What is required: For every line below, restate it exactly and drop the images.

Information shown:
···
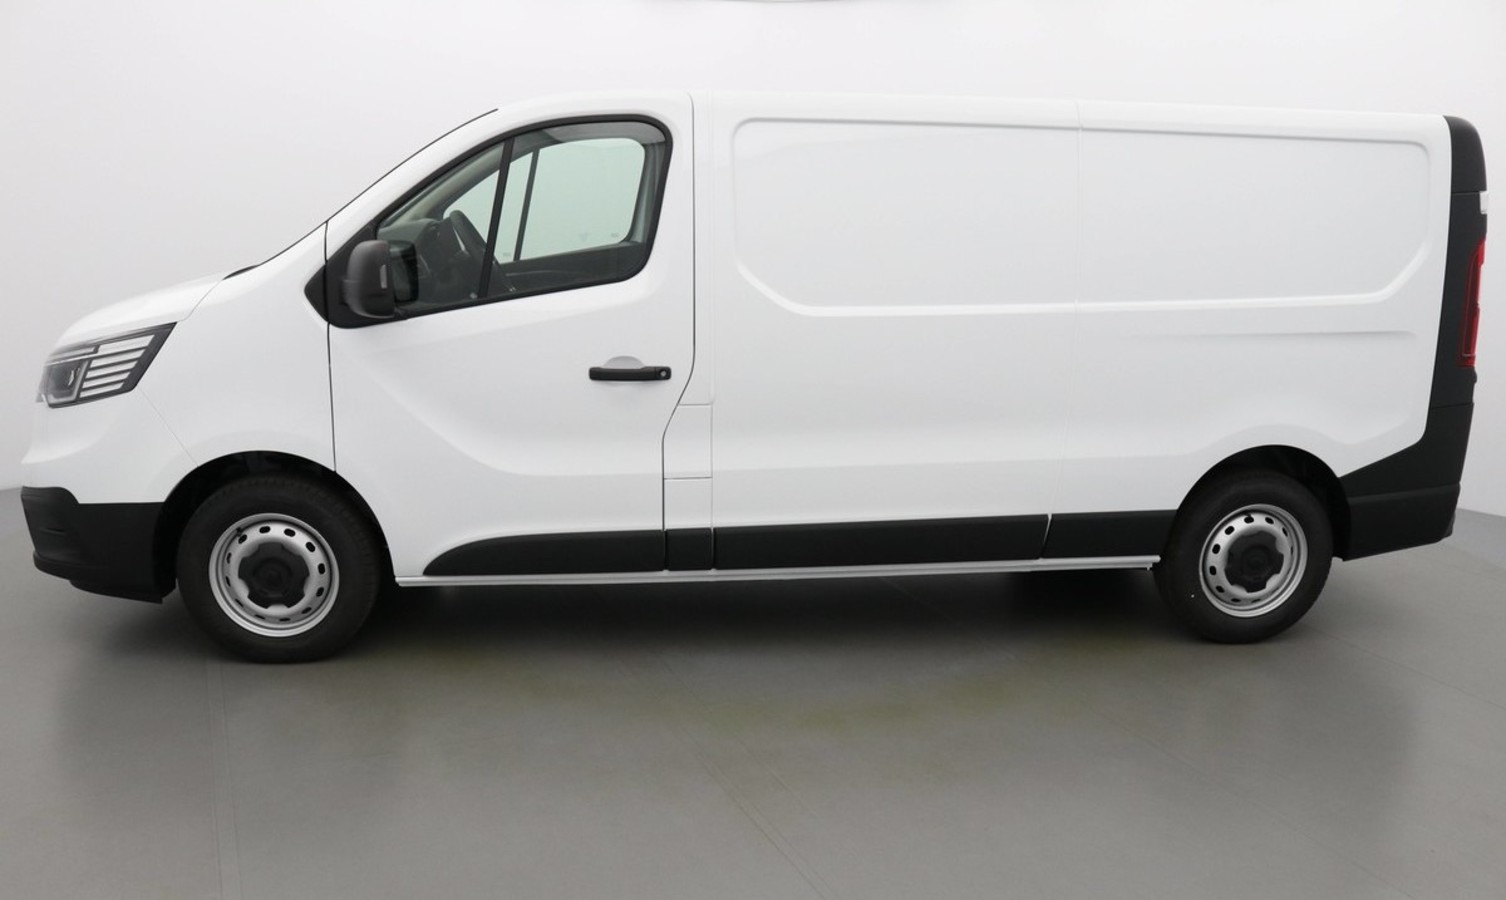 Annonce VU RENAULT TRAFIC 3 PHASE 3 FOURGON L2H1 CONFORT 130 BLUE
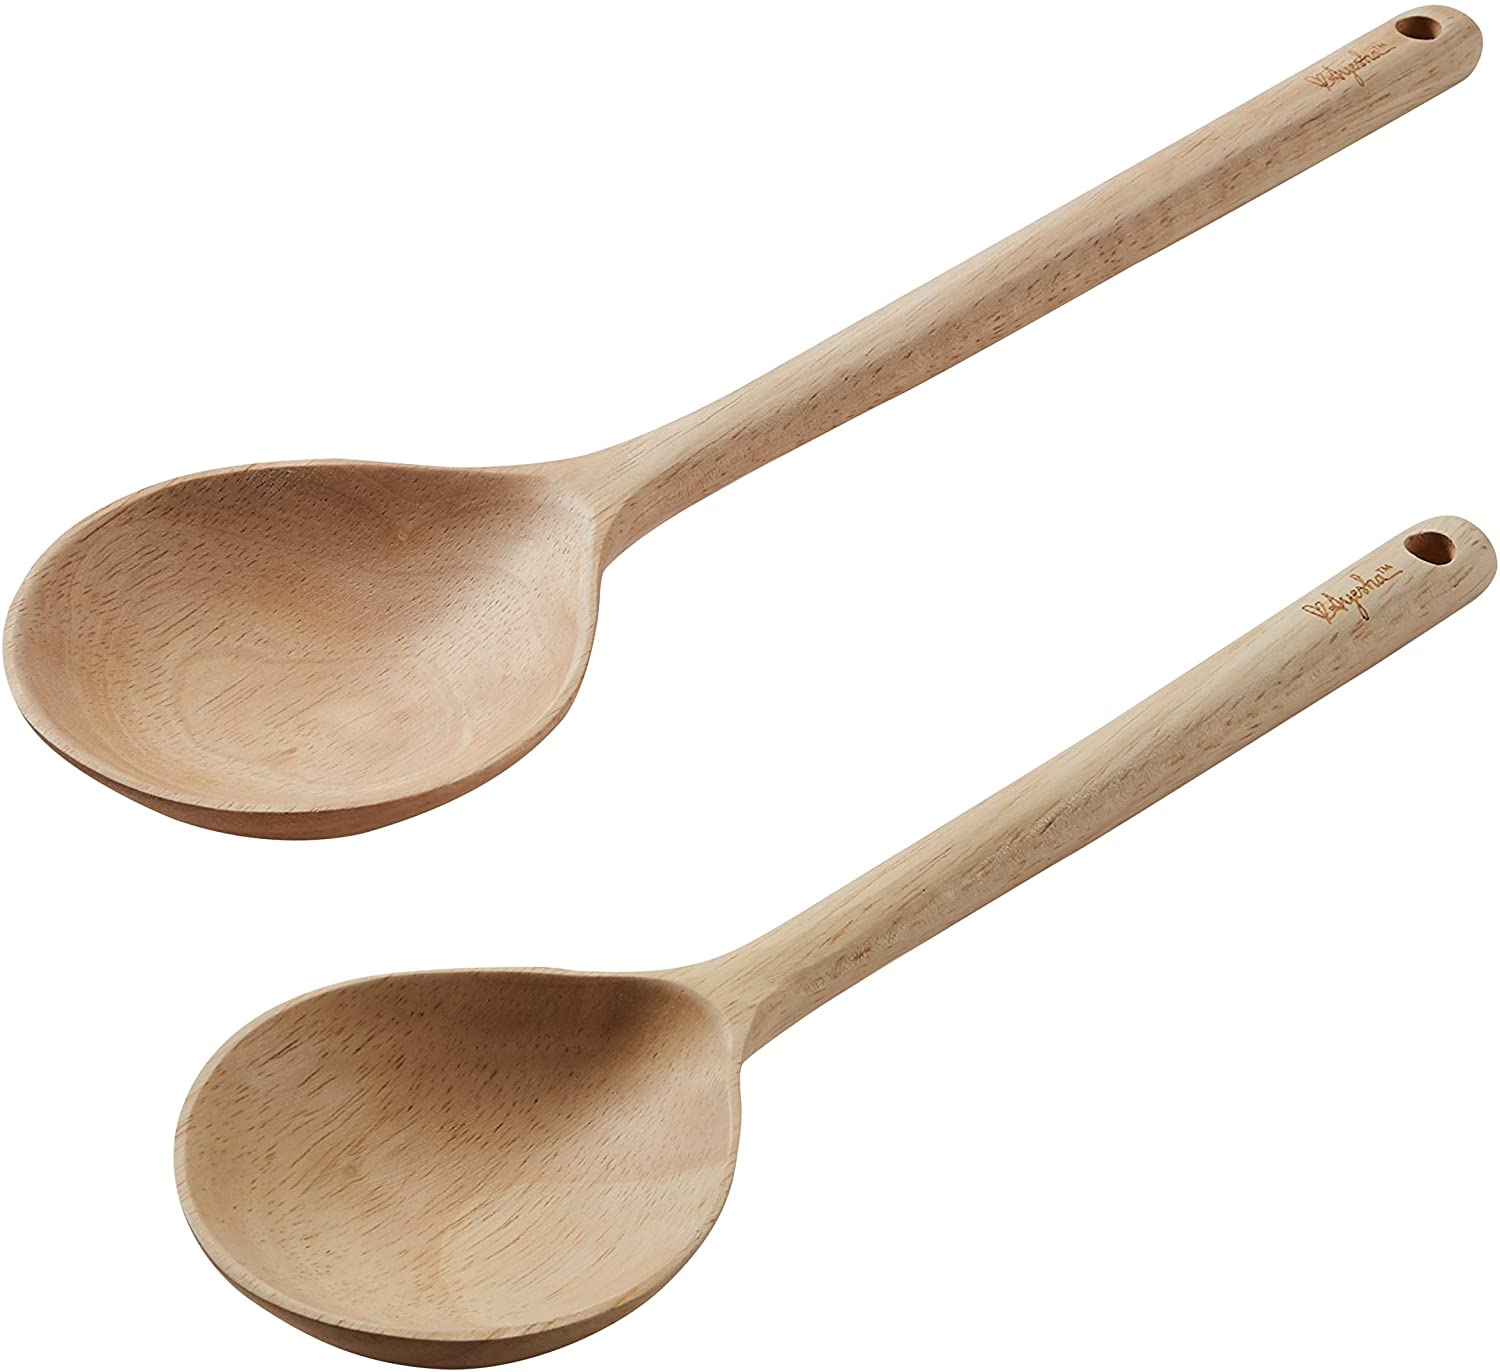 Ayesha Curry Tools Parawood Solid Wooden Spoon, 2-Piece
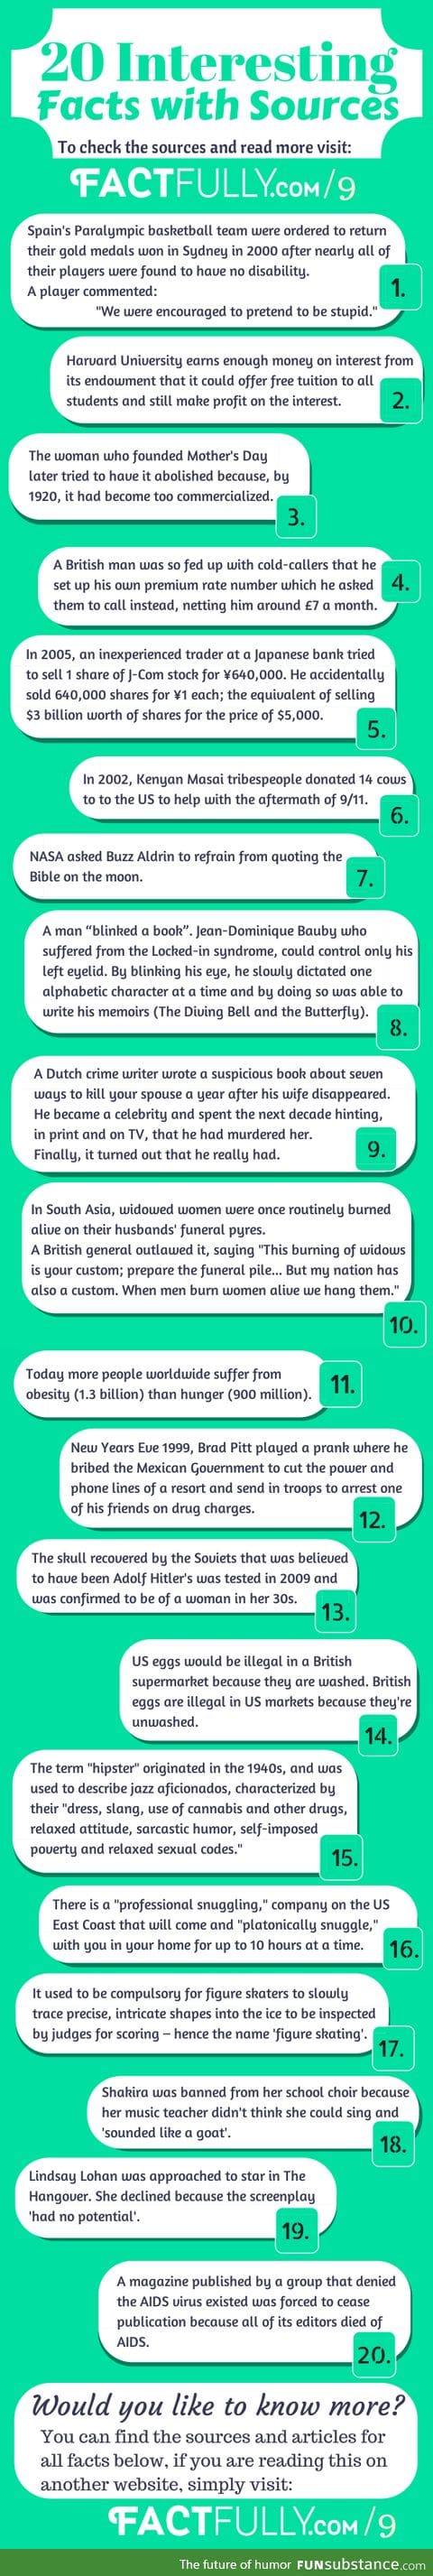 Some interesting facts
···
Task solution:
 Annonce VU RENAULT TRAFIC 3 PHASE 3 FOURGON L2H1 CONFORT 130 BLUE
 Ayesha Curry Tools Parawood Solid Wooden Spoon, 2-Piece
 Some interesting facts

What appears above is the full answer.